At present, a plurality of ceramic tiles are directly hung externally and are buckled on a support, so that the damaged ceramic tiles can be conveniently replaced, and unsafe hidden troubles are also caused. The tile is fixed to the wall or the ground by cement, and the existing cement is generally silicate, so that the tile is easy to age and poor in waterproof performance. Although the existing tile adhesives are common, the existing tile adhesives have low bonding strength, and the bonding layer is easy to absorb water and permeate water, so that the ground or the wall is wet and slippery; particularly, the tile adhesive is easy to mildew, yellow and fall off on the tile wall surface which is soaked in acid rainwater and is subjected to ultraviolet rays.

Chinese patent CN201710800815.1 discloses a water-based tile adhesive, which comprises the following components in percentage by weight: 20-35% of butyl acrylate, 20-30% of methyl methacrylate, 0.1-0.5% of ammonium persulfate, 1-4% of divinylbenzene, 100.1-0.5% of emulsifier OP-100, 0.5-2% of acrylic acid, 0.5-3% of sodium polymethacrylate and the balance of water. The water-based ceramic tile adhesive has strong bidirectional permeability, and can effectively solve the problems of hollowing and falling off caused by the attachment of ceramic tiles, marbles and the like on walls; however, the adhesive has poor corrosion resistance and is easy to yellow.

Disclosure of Invention

To overcome the disadvantages and shortcomings of the prior art, the present invention is directed to a high viscosity corrosion resistant water-based tile adhesive.

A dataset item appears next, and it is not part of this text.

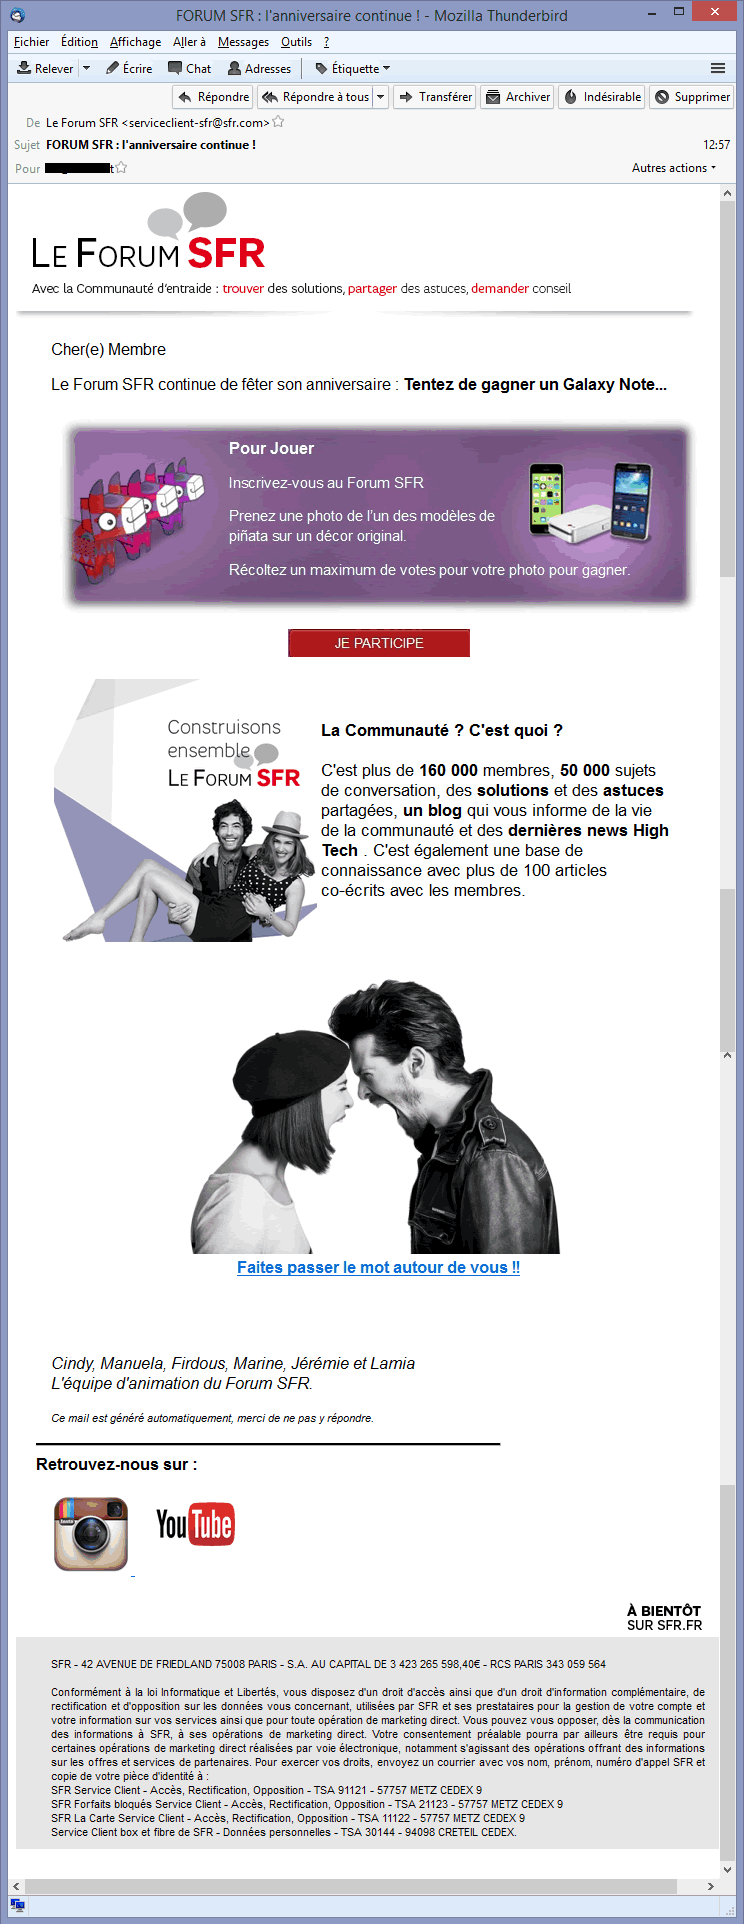 Gamification par email de SFR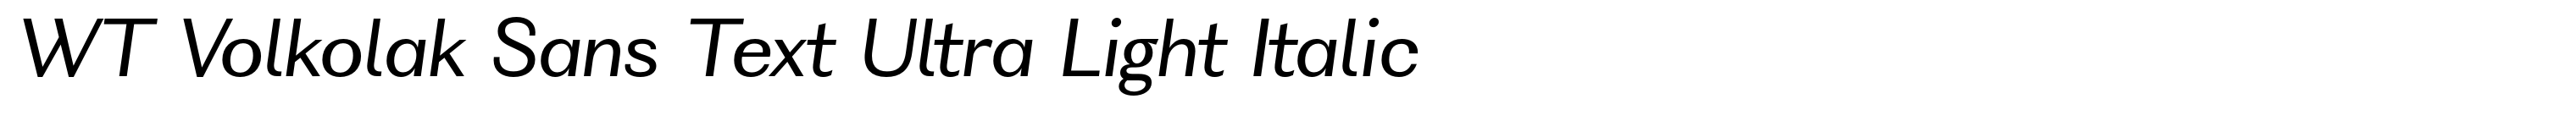 WT Volkolak Sans Text Ultra Light Italic

A high-viscosity corrosion-resistant water-based tile adhesive comprises a component A and a component B; the formula of A and B in parts by weight is as follows: 20-30 parts of heavy calcium carbonate, 8-15 parts of titanium dioxide, 3-6 parts of talcum powder, 10-15 parts of fluorosilicone modified epoxy resin emulsion and 0.5-1 part of antioxidant; 3-6 parts of waterborne epoxy resin curing agent, 2-4 parts of amino silane coupling agent and 12-18 parts of coarse whiting; before use, the components A and B are mixed in a mixing device according to the formula to form paste.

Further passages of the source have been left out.